Изменить размер шрифта - +
Пусть уговорит. Он меня не слушает. Я ему никто. Мальчик с кафедры. Он там задыхается сейчас. А я ничего не могу. Ничегошеньки. И уйти не могу. Как его бросить тут одного? Что мне делать? А? Скажи, что мне, блин, делать? Телефон вздрогнул оповещением. Тим чуть не выронил его, пока пытался разблокировать.

«Еду в офис, дрищ ничего, но тоскливый. Ты как там?»

«Сижу у Данилевского. Без изменений».

«Вызывай скорую и сваливай».

«У него точно никого нет?»

Недовольный котик.

Два стикера со скептической рысью.

«Точно. Так что вызывай и сваливай».

«Поработаю отсюда. Может, ему получше станет».

Еще одна рысь.

«Ага, помолодеет, исцелится и Нобелевку по литературе возьмет. Не тупи».

Тим отложил телефон. Ельцова была права во всем, кроме Нобелевки. От нее бы Данилевский отказался. Советский синдром, дорогой мой Тимур, неизлечим. Не верю я в искренность европейских комиссий. Да что уж. Ни в чью искренность я не верю. За стеной старик глухо закашлялся. Тим подобрался, почти уже бросился на звук, но кашель стих. Зато ожил телефон.

«Читай», — попросил Шифман и легко заслонил собой прочие неприятности.

Текст, который он прислал, сложно было назвать готовым. Сырой набросок, скелет рассказанного за недоеденными блинами, черновик черновика. Но это был текст. Тысячи на три знаков с пробелами. Из таких выстроится книга. Не лучше, но и не хуже той, что уже разлетелась семью тиражами. Зуев будет счастлив.

«Текст сырой, но хороший, — набрал Тимур. Подумал немного и добавил воодушевления: — Отредачим и будет отлично. Пиши!»

Открыл присланный файл и снова пробежался глазами по строчкам. От слов, подобранных Шифманом, становилось тоскливо, хотя, казалось бы, куда еще. Машенька, идущая по мосту, перекинутому через речку, обретала выпуклость. В ней зарождались чувства. Ножки, ручки, дырка на коленке. Тим не хотел, но верил в эту самую дырку. Видел ее почти. И то, как Шифман набирал эти три тысячи знаков обгрызенными пальцами, тоже видел. Чувствовал нерв, скрученный на манер волос в пучке балерины. Как блестят они на солнце, как пахнут похмельной мамой, как на похмельной маме растут.

Данилевский за стенкой разразился долгим кашлем. Тим сидел на табурете и слушал, как захлебывается старик, но не мог заставить себя сдвинуться с места. Он просто ждал, бестолково бегая глазами по тексту Шифмана и отгораживаясь им от реальности. Еще чуть, и начал бы грызть ногти, вырывая лоскуты кожи. Когда в спальне стихло, напоследок звякнув стаканом, Тим поднялся. Колени у него подрагивали. Он вышел в коридор, проскользнул мимо спальни и зашел в гостиную. Там пахло валерьянкой. Шкафчик с лекарствами был приоткрыт. Нужно было распахнуть окно, выветрить из комнаты больничный запах, вычистить последние следы пребывания скорой, чтобы не раздражать Данилевского мелочами. Тим потянулся к дверце шкафчика. На верхней полке старик хранил лекарства, а в нижнем ящике пылились старые документы.

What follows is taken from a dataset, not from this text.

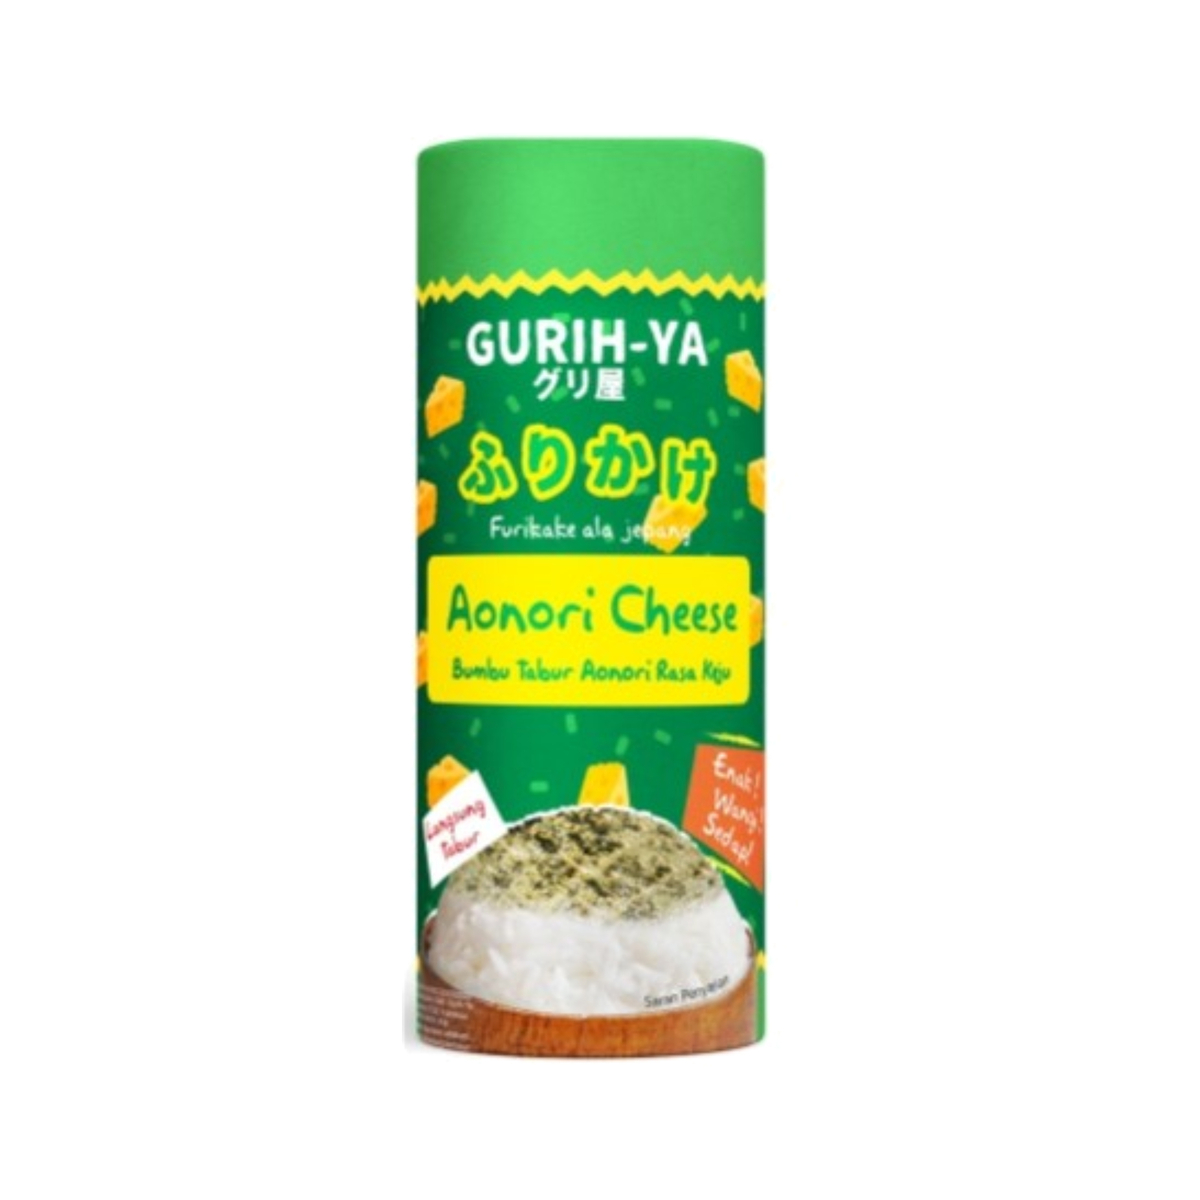 Gurih-Ya Aonori Cheese Botol 45g

— Это память, друг мой, последние осколки былых времен, — говорил Данилевский, задвигая ящичек поглубже в трюмо. — Треснутое зеркало жизни целой страны. Надо бы отдать кому-то. Может, в архив института. Там много снимков, писем. Да все рука не поднимается. Надо-надо, а не берусь. Может, потом когда-нибудь, да?

Тим зажмурился, собрался с духом и осторожно выдвинул ящик. Две картонные коробки с помятыми крышками прятали в себе залежи спрессованной бумаги. Конверты с чернильными штампами, высланными из глубокого ниоткуда в бесконечное никогда. Письма, настроченные от руки — чернила успели выцвести, бумага залоснилась. И фото. Связанные тесемками фото. Черно-белые, окончательно ушедшие в прошлое снимки людей, доброй половины которых уже могло не быть в живых. Бледные лица, неуместные прически, пиджаки с подплечниками.